Bert’s investment page:

Without being redundant; I too began a position in Dynatrace a number of months ago; pre-Covid and have recently added to my starter position on strength.

With the permission of the author (i.e. Beth Kindig) I will summarize or paraphrase a number of points discussed in her write-up from late January '20. Based on the timing of the report, some of the information may be slightly dated, but perhaps you will find it informative.
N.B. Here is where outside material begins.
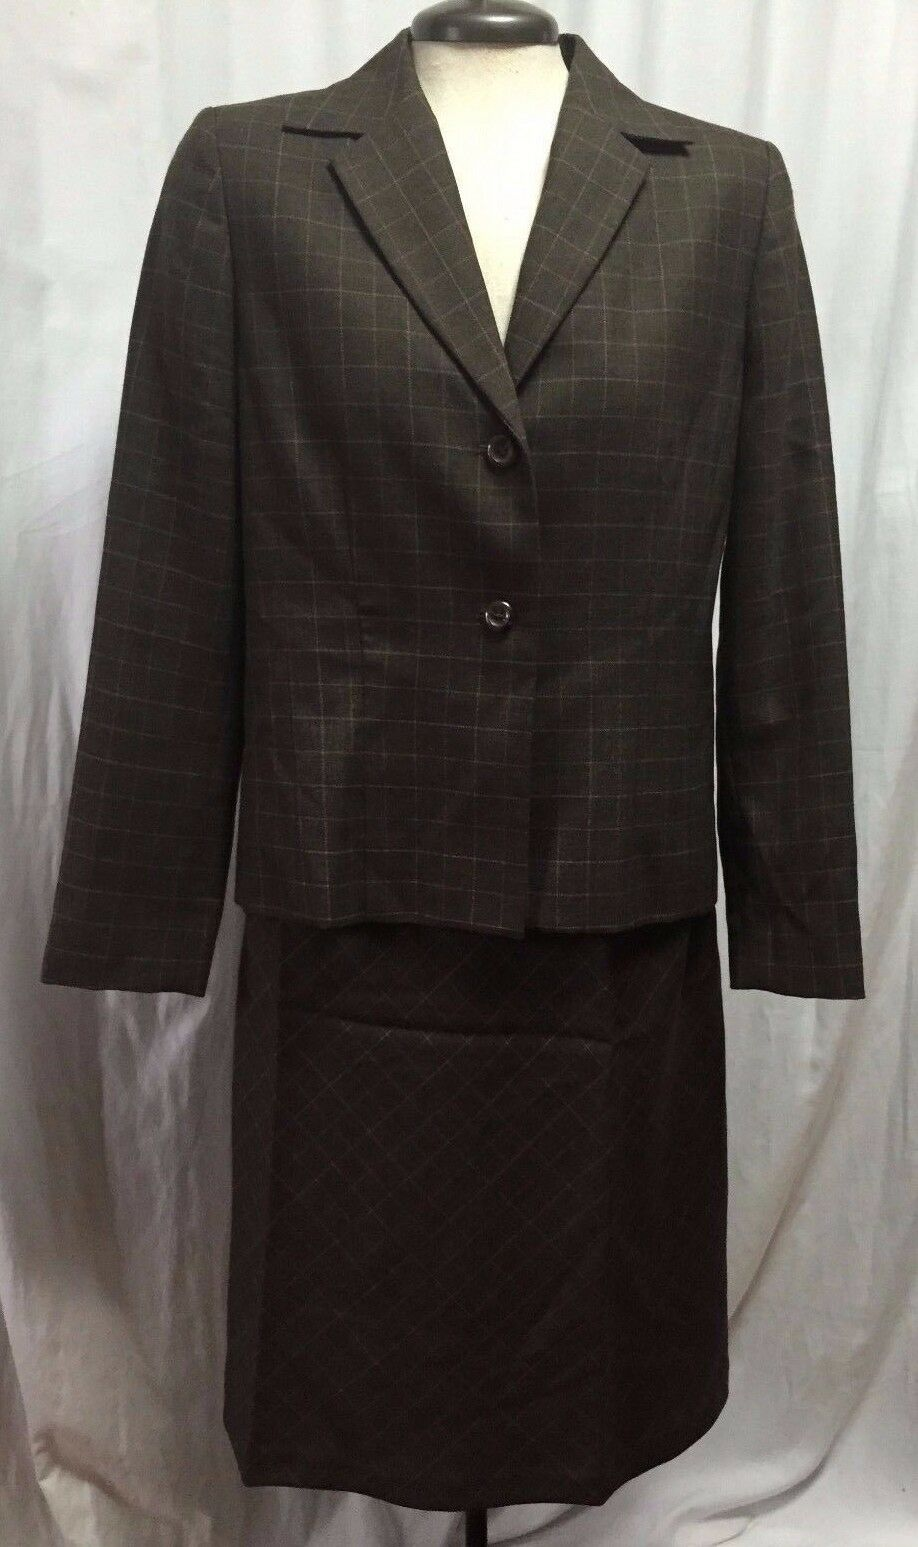 Pendleton 100% Virgin Wool 2 Piece Suit Skirt Blazer Womens 6 Brown Plaid Dress

Obviously, we all look at dated items such as this report through our “Pre-Covid” and “Post-Covid” glasses.

**Dynatrace (DT)**

- Dynatrace launched in 2006; purchased by Compuware in 2011; a private equity firm (Thomas Bravo) bought 
  Compuware in 2014 and spun off Dynatrace as a private company after merging it with Keynote, then went 
  public in August '19 and price pulled back in December '19 when Thomas Bravo should share down from 71% 
  ownership to 61%. 
- Premium Application Performance Management (APM) software company
- Product geared towards AI powered analytics, self-learning AI, real-time discovery, automated problem 
  remediation, use of AI chatbots
- As of 2018; claims to have 8.8% of APM market behind Cisco AppDynamics (11.2%) and New Relic (10.3%); 
  (*HMC: I Googled in an effort to find more recent data; no luck.*)
- Offering an all-in-one cloud platform sold as a package rather than separate modules; Real time 
  topology (*HMC: No idea, had to Google this term*), AI algorithms to monitor applications, 
  infrastructure and business operations.
- DT calling card is Full-stack observability for a comprehensive approach to business observability
- Main revenue growth driver is full-stack cloud monitoring platform; representing 80% of ARR, up from 
  only 39% of ARR a year ago(*HMC: I'm okay with math so I think I can say that is a 105% increase* 
- Subscriptions and services combine for 98% of revenue; licensing is 2%
- Subscription transition is positively impacting operating margins.  Non-GAAP Operating Margin 
  comparisons = Q1 2019 13%, Q1 2020 22%, Q 22020 23%
- Focused on large enterprise accounts; greater than $750M Annual Revenue, results in average account 
  totalling more than $200K ARR per customer.
- Sponsored case study showed Dyntrace returns up to 311% ROI over 3 years, 6 month payback
- Dynatrace product roadmap utilizes multi-cloud and hybrid cloud using AI to perform analysis faster
- Dynatrace is positioned to take advantage of the growth in hybrid cloud
- At the time of report, Dynatrace was reporting 23% Operating Margins, Non-GAAP profitability of EPS 
  $0.06, with negative GAAP EPS -$1.58, total revenue growth of 27% YoY, with ARR increasing 44%

The question to play out for Dynatrace is whether or not the subscription growth is going to pick up the overall revenue growth moving forward and will the Dynatrace full-stack platform be the engine that transforms Dynatrace from a licensing model to a subscription model.  At this point, a good sign is that the dollar based net retention rate is 140%, which has been increasing as Dynatrace continues its pivot to the cloud.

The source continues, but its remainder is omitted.